Its been a long time since I've been there but we went to the canada side. fished the tall weeds and and trees in the water by the indian reserve and didnt catch anything. it wasnt until the end of our 1st trip towards the 2nd trip we realized people were catching everything in the middle of the lake, not on the sides. we kept casting around a bouy. things may have changed b/c its been a while but thats where i remember catching them, in the middle


----------



## Shoeman (Feb 12, 2011)

By the sounds of it Slik was planning on the early part of the C&R season. Most of the smallies (at least on the US side of the pond) are in 3-6 fow. I don't fish the Canadian Side so I can't speak about the swamp or Walpole Island

A huge majority of LSC is sand and silt. We concentrate our efforts along the boulder fields. The shallow ones are utilized during the spawn and as the water warms the deeper ones are occupied.

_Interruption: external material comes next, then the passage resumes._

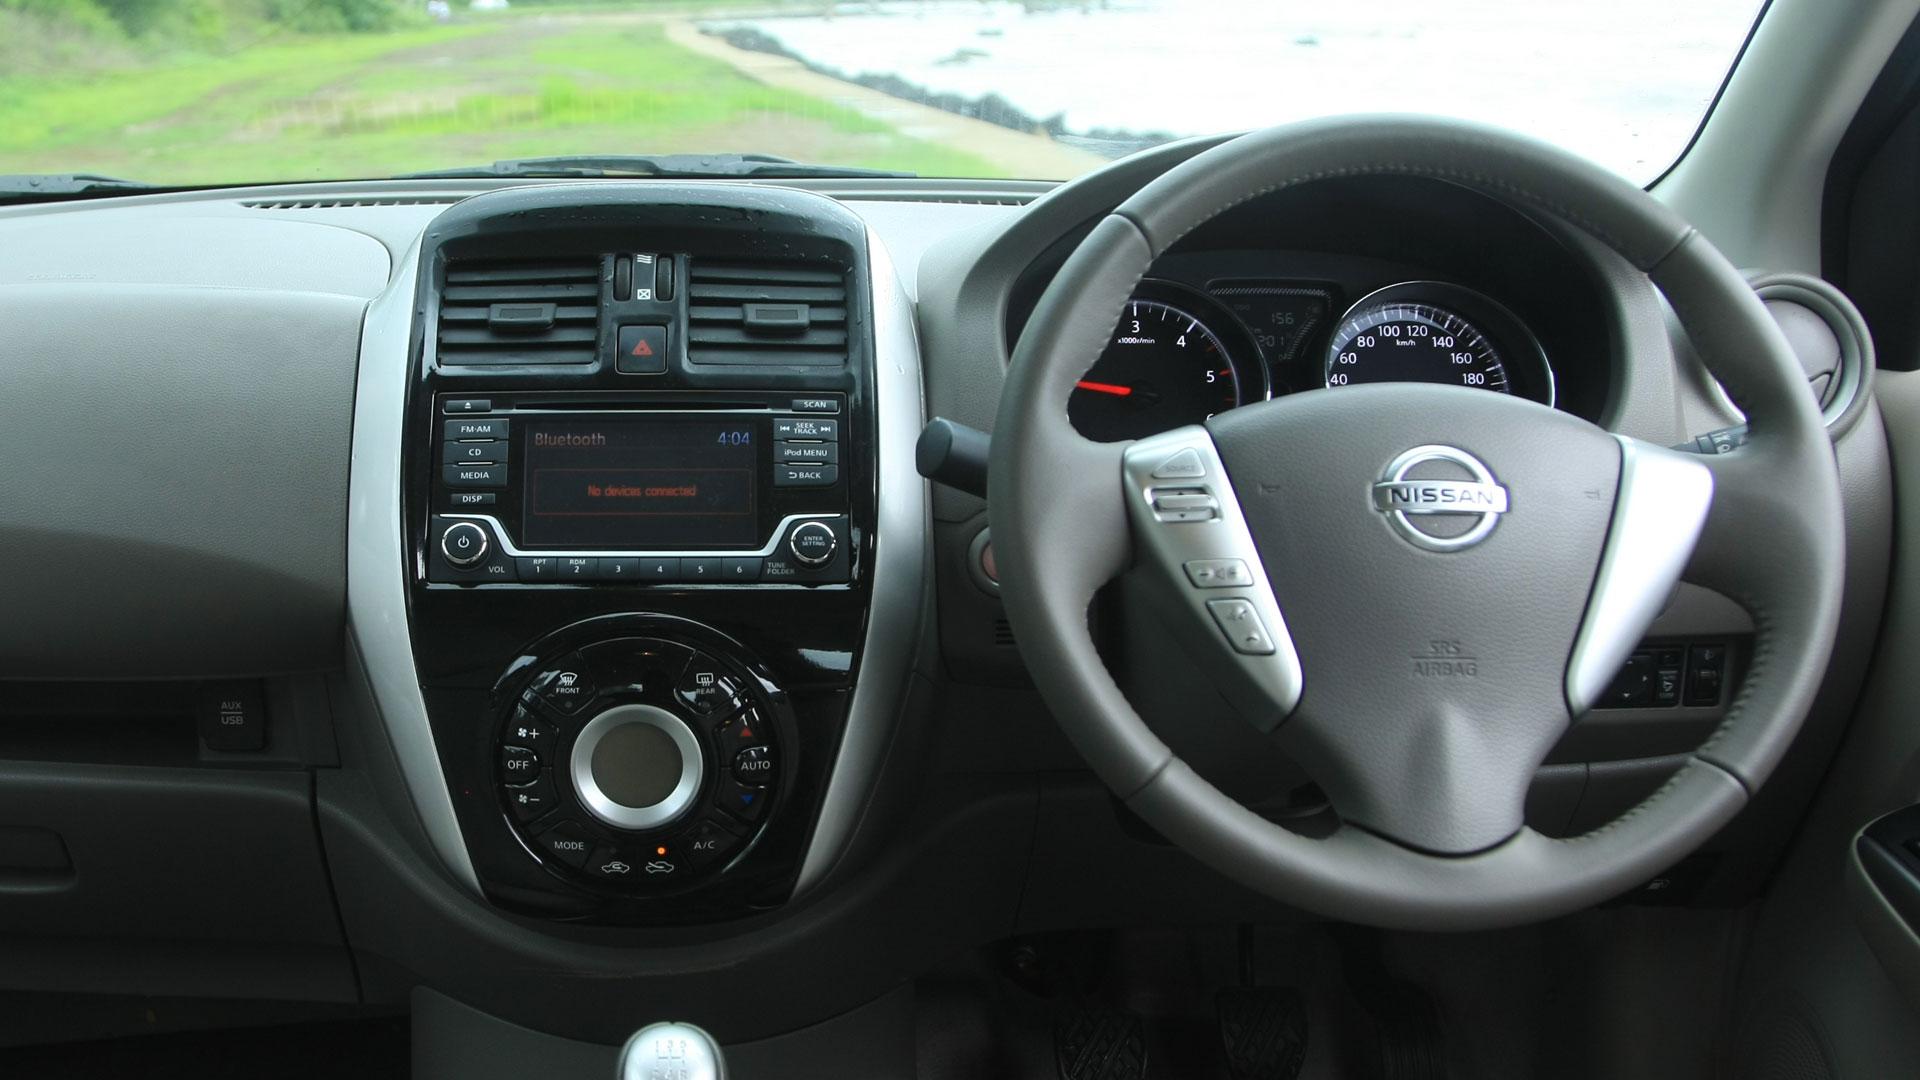 Nissan Sunny 2017 XL Petrol - Price, Mileage, Reviews ...

I mostly target the Southern 1/2 of the lake. (From Metro Beach down to the Detroit River). There's also less weeds to deal with, especially from the Grosse Pointes on down.


----------



## Whopper (Apr 28, 2006)

LSC is a very good fishery, smallies, walleye, perch and yes there's outstanding muskie fishing.
If your going you have to keep in mind that it's governed by to different governments, which have different rules/seasons, Michigan and Ontario
If your going to fish on the Ontario portion and you want to bass fish your going to have to wait until the 3rd Saturday in June I believe. Ontario unlike the State of Ohio doesn't have a C&R release season, it's either opened or closed. 

Good Luck


----------



## BigBwanaD (Jan 2, 2011)

Switched to LSC this winter for hard water perch fishing and was blown away. Sure, we had some tough days but generally had great catches in shallow water. Right now, it seems the late ice is presenting plenty of keepers. I'm done as I am not crossing open water to get on the flow. In talking to the locals, some tell me they drift fish Beacon Cove for walleye and perch and slip bobber for perch as soon as the ice leaves. They also said that later in the year, that area fills up with so much weed that it makes motoring difficult. Can shoeman or someone else fill me in on the rest of the story? Not sure who to believe or if it is just preference speaking. Any info would be really appreciated!


----------



## Shoeman (Feb 12, 2011)

You're right, Big

It does get pretty choked up, but not until mid-to late May. There's a ring of eel grass and reeds that form close to shore from Beacon's all the way up to the Beach at Metro Park. That is a prime area for Largemouth and gills. We fish the open pockets with scum frogs and spinner baits for the bass. Some of the boys anchor and fish for the gills at the outer edge. Coontail type weeds will start to form outside of that ring.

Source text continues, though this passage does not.